Recorded information:
= = = =

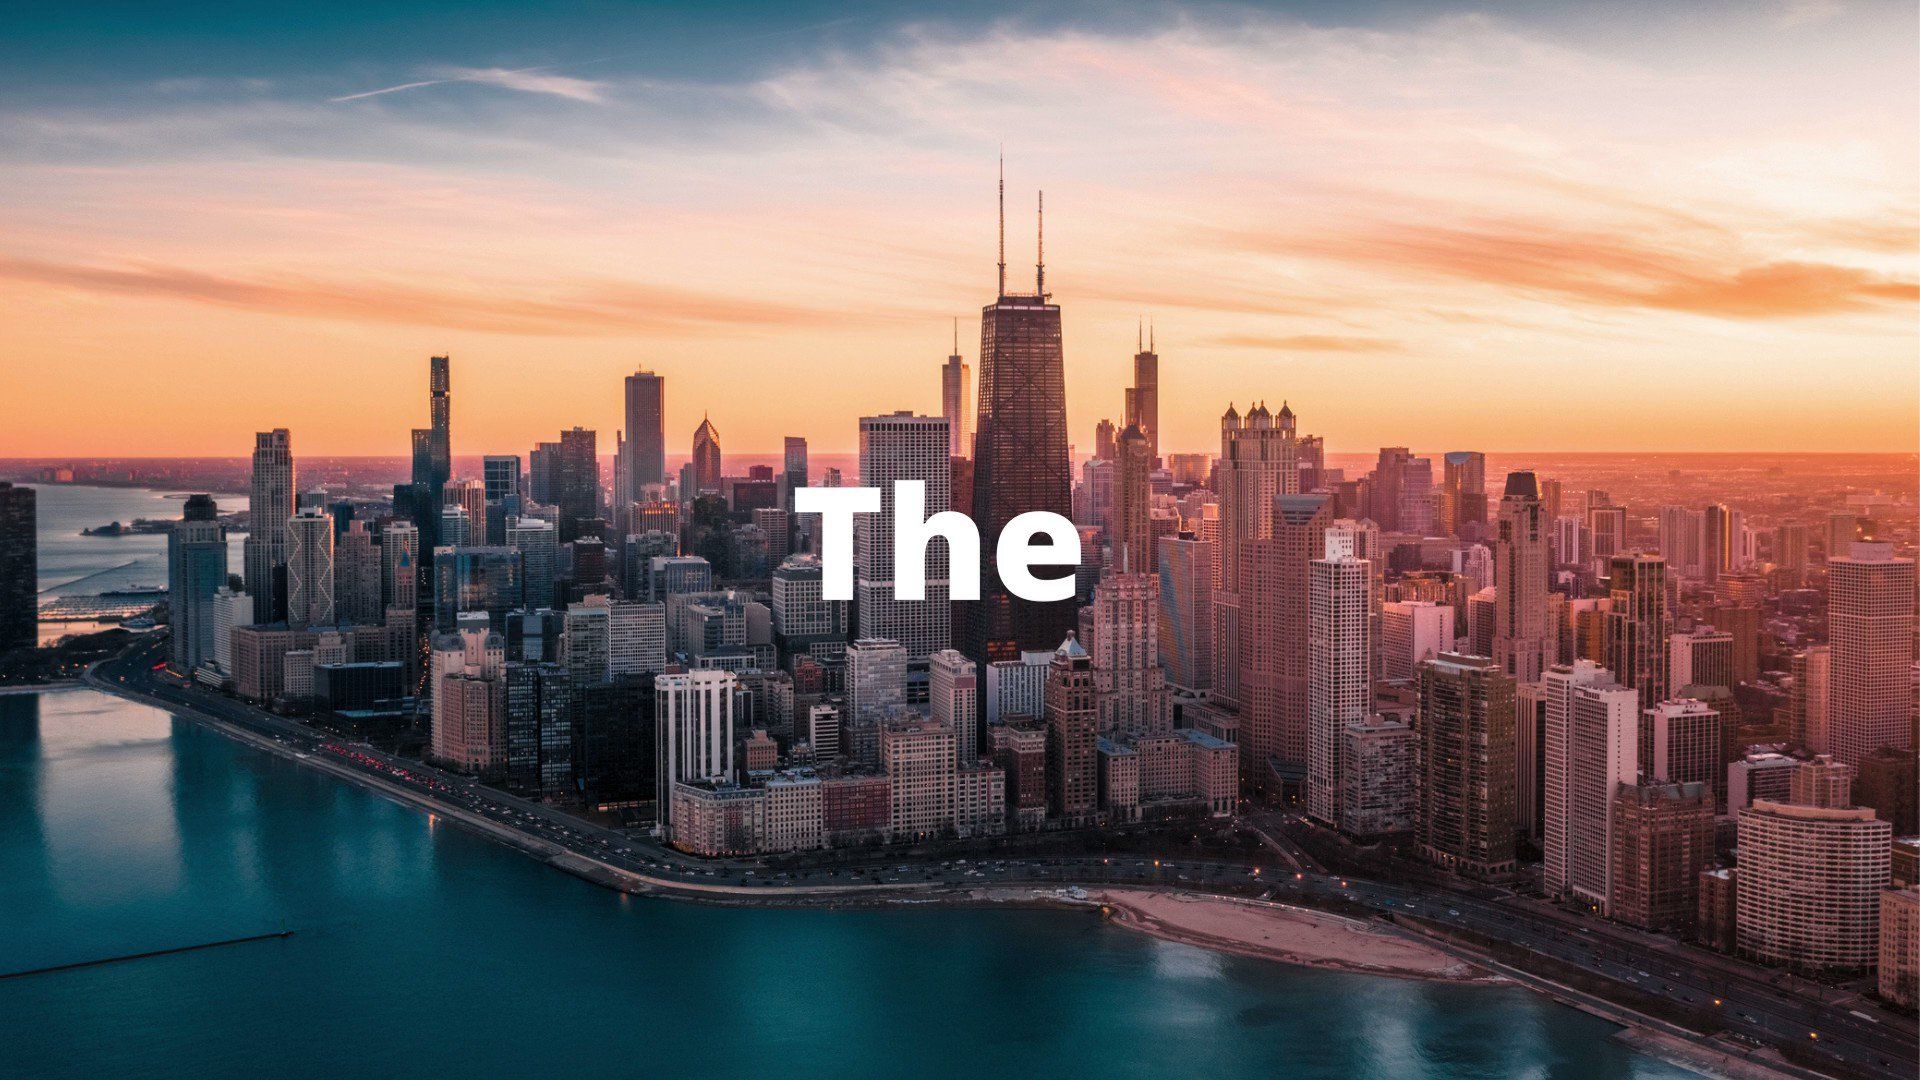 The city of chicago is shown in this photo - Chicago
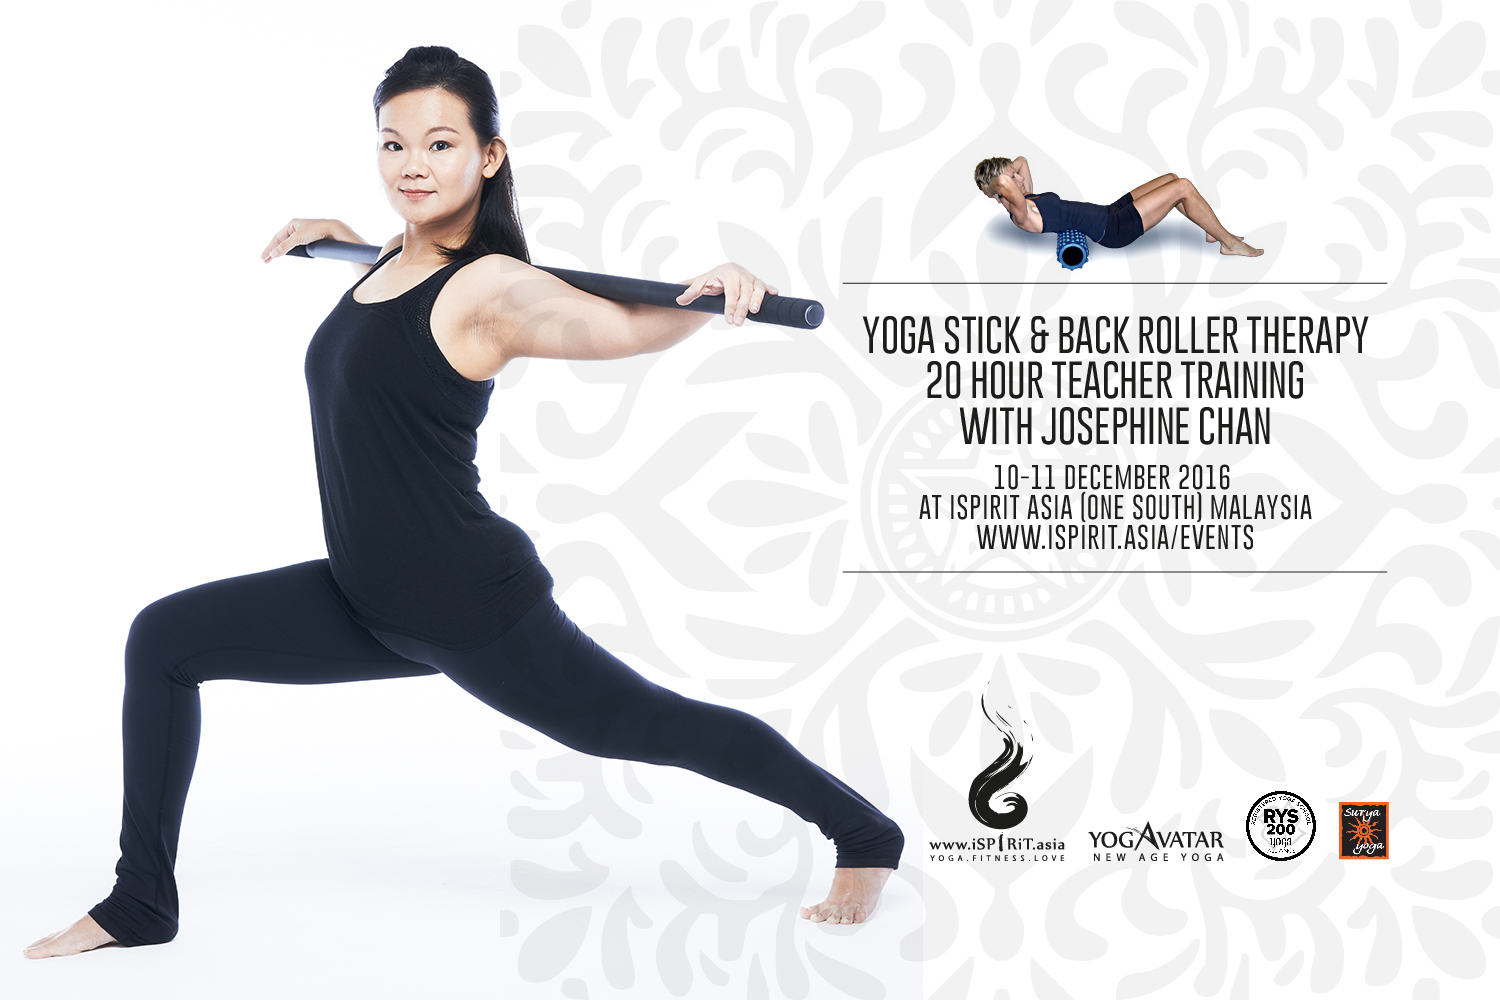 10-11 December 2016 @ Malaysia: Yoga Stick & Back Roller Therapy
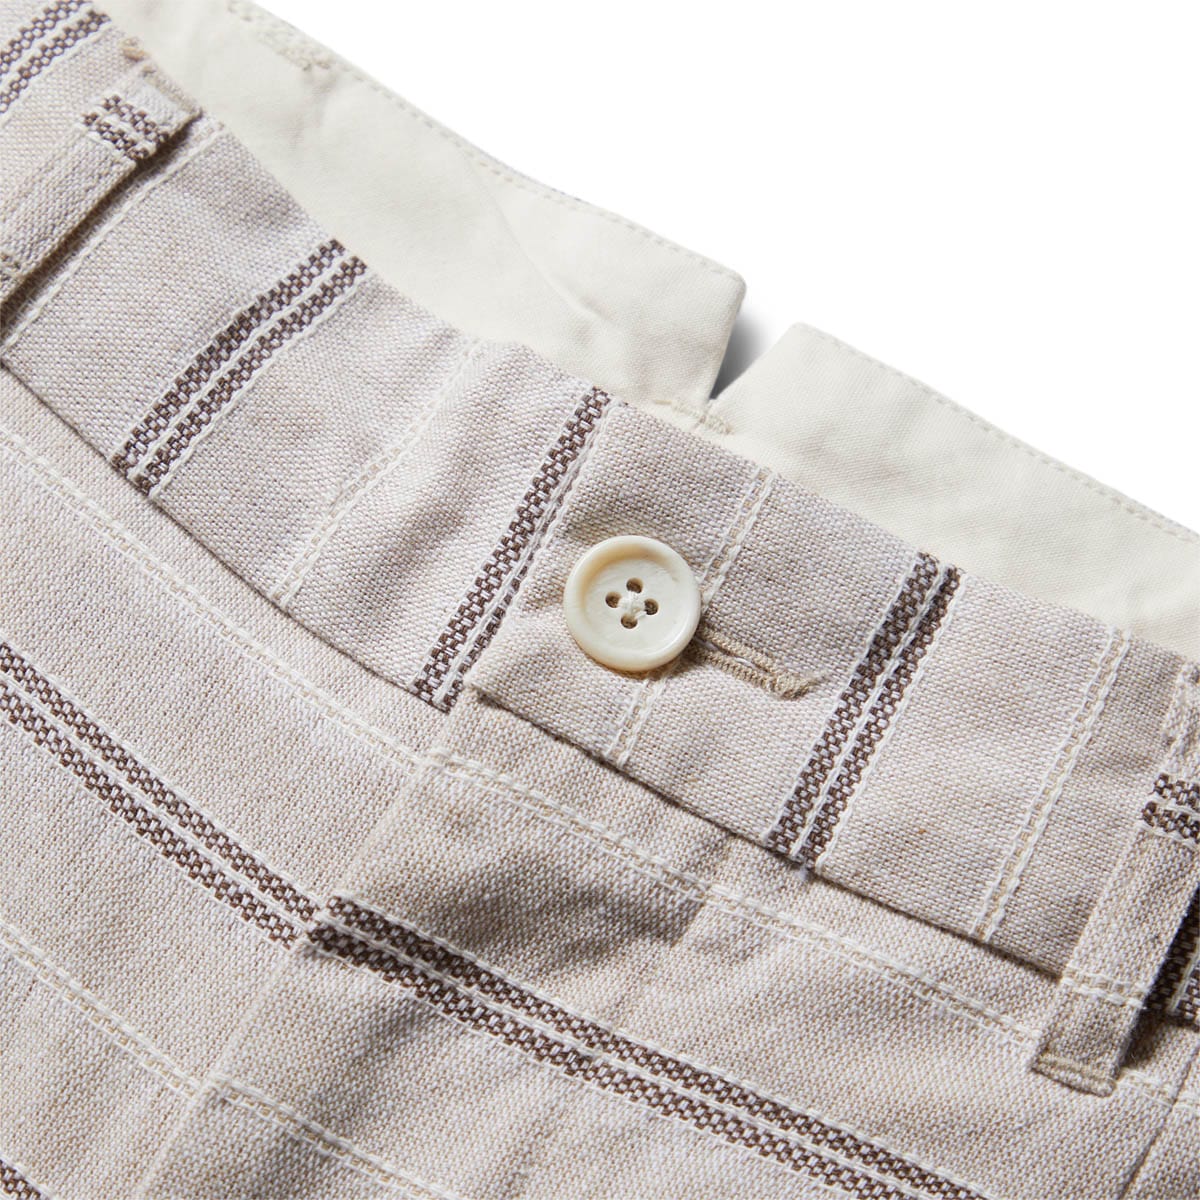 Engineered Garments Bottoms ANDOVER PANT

= = = =

Exercise details: Only the lines from the one with "10-11 December 2016" through the end of the listing should be transcribed, exactly and without pictures.

Answer to this problem:
 10-11 December 2016 @ Malaysia: Yoga Stick & Back Roller Therapy
 Engineered Garments Bottoms ANDOVER PANT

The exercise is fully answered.